Послушали бормотанье, шелестенье, ровную беспрерывность дождя.

— Зачем же мы сюда заехали?

— Ближе нет охоты.

— А ты погибал?

— Приходилось.

— Расскажи.

Хоть бы какой-нибудь звук — крикнула чайка, плеснулась рыба, зашуршал кундраком ветер…

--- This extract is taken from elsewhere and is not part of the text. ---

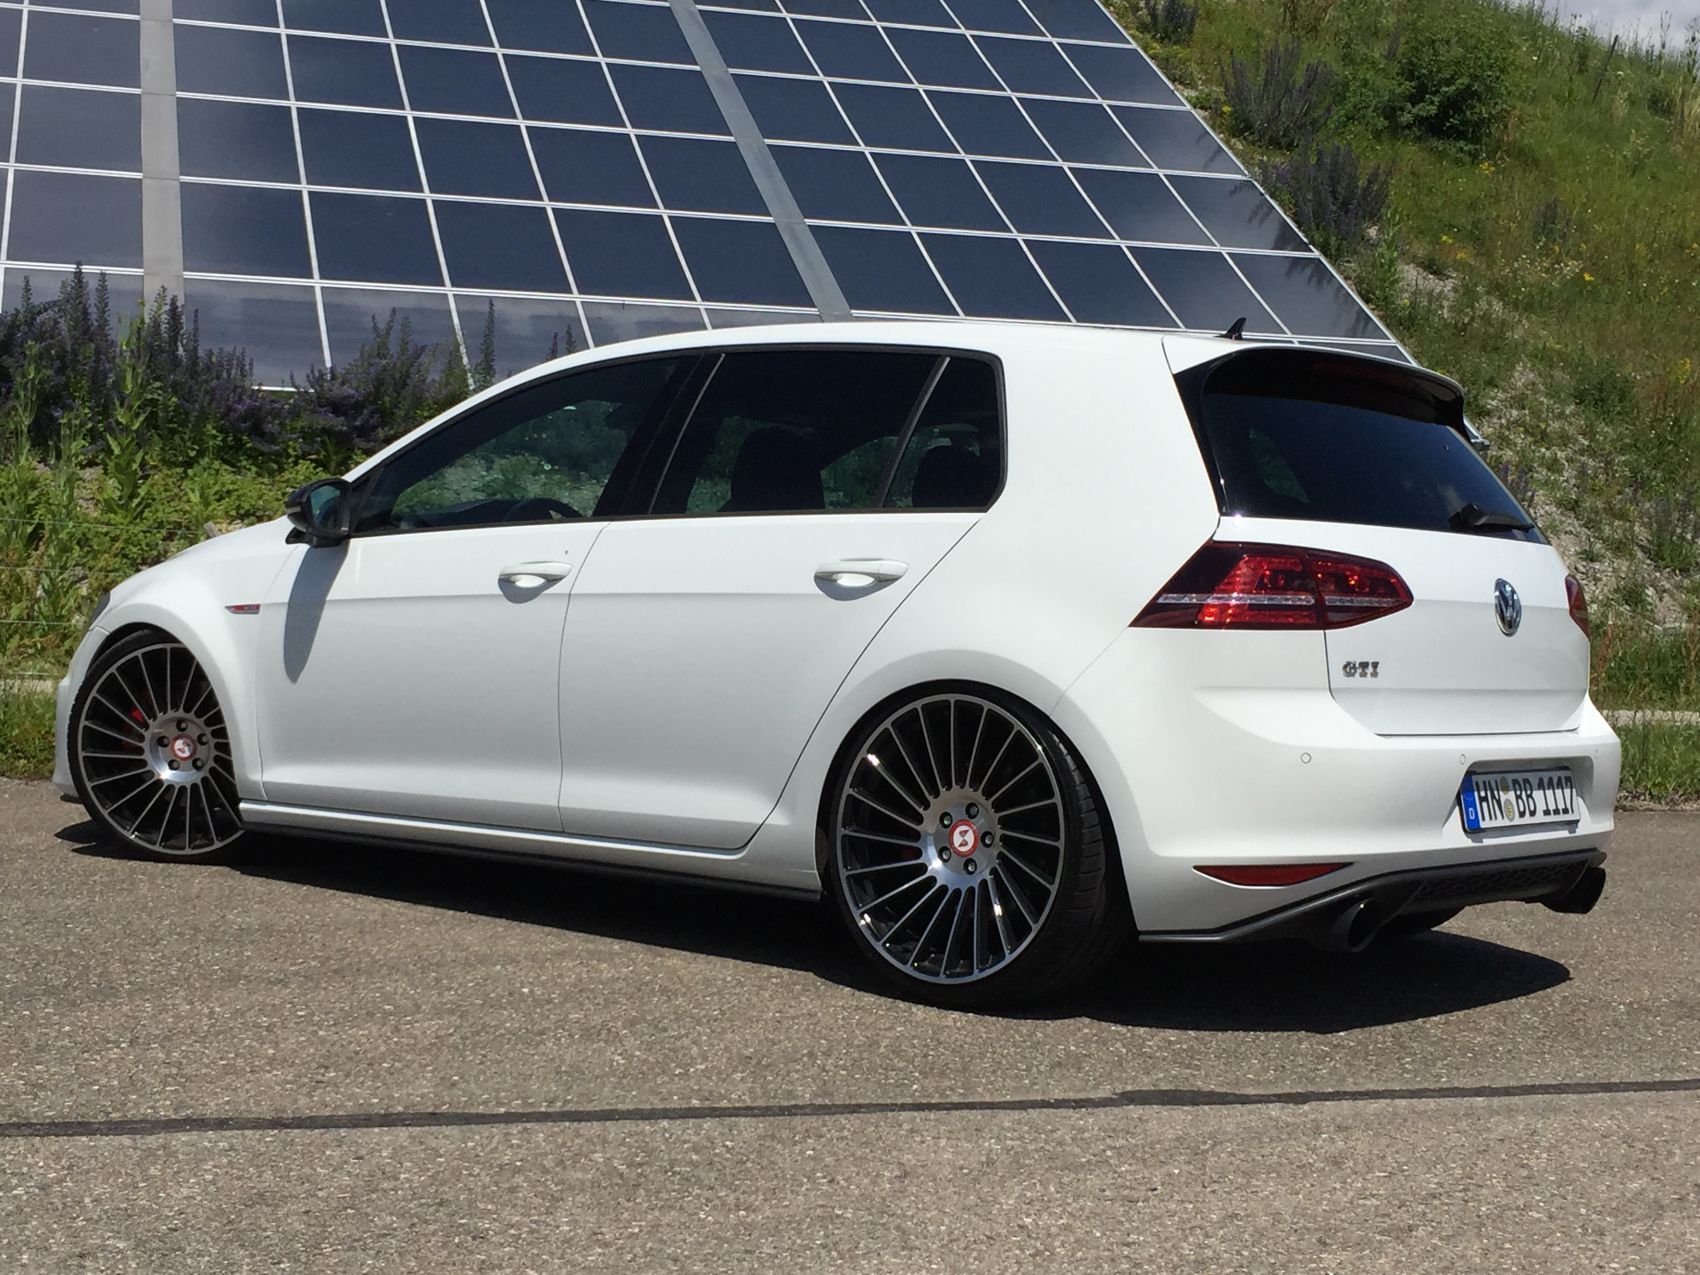 VW Golf GTI 7 Performance - Autotuning-Werkstatt in Crailsheim, Tuning

— В прошлую осень было. Обычная история — по расхлябанности все. Пошли с дружком на вечерку. А стояли так же, в кундраке, может, в этом же. Дождик накрапывал. Отошли, правда, далеко, да и потом отходили — прилаживались к лёту. Постреляли до темноты. Ладно. Идем обратно, уверенно вроде идем — кундрак такой же, как этот, — видный, самый густой. Подходим — ни лодки, ни признаков нашей стоянки. Ошиблись. Бросились к другому, что покрупней. Не тот. К третьему — издали, сквозь морось, — наш и наш. Подбрели — опять нет. Ну и, как бывает в страшных рассказах, дождь усилился, совсем стемнело. Небо черное, вода черная, дождь хлещет. Во все четыре стороны — ни клочка земли. Кундрак ведь только издали кажется островком, подойдешь — из воды растет. То стоим, то бредем. Стоять холодно, ноги коченеют; идти — куда? Может, как раз от лодки и убредешь. Папиросы кончились, еды никакой. Тут-то и дрогнули наши душонки. Сколько ни стой — до утра не выстоишь, а свалишься, считай — утонул, хоть и воды немного выше колен. Холод, главное. Ладно. Ходим, круги делаем. Дружок мой из приезжих, но бывалый, на Севере жил, в экспедициях. Сначала посмеивался, анекдотики рассказывал. Потом притих, конечно. Потом мы вместе поскуливать начали. И вот он говорит: «Давай плот свяжем из кундрака». До сих пор упрекаю себя: почему не я это придумал. Правильно, нужна работа. Никакой плот, конечно, не получится, это северный человек по незнанию сказал. Но резать и класть в воду кундрак, чтобы он постепенно лег на дно, — единственное спасение. Вынули ножи, начали резать. Заросли выбрали погуще. Ладно. Режем — бросаем в одно место. Охапками носим. Разогрелись — все-таки цель. Кундрак тонет себе, уплотняется. Сколько прошло — трудно определить. Помню только, светало уже, когда дружок плюхнулся на ворох, вмял его почти до воды, но задницу не намочил. Примостился я к нему. Так и просидели на своем островке часа четыре. Дождь кончился. День наступил. Солнце из моря взошло. И, как бывает в страшных рассказах, стоянка наша оказалась совсем недалеко, мы вокруг нее петляли; а кундрак резали в соседних зарослях. Расхохотаться на все раскаты надо бы. Но сил-то никаких не было, едва добрели до лодки.

— Ну вот, а ты говорил — погибнуть можем.

— Так это — мы с тобой…

— Ты серьезно?

— Не обижайся, шучу.

Минут двадцать молчали, но так, будто продляя разговор, о чем-то споря. Потом Макс задышал сильно, с хрипотцой — заснул. «Крепкие нервы», — подумал о нем Ник и, заражаясь сонливостью, начал подремывать сам.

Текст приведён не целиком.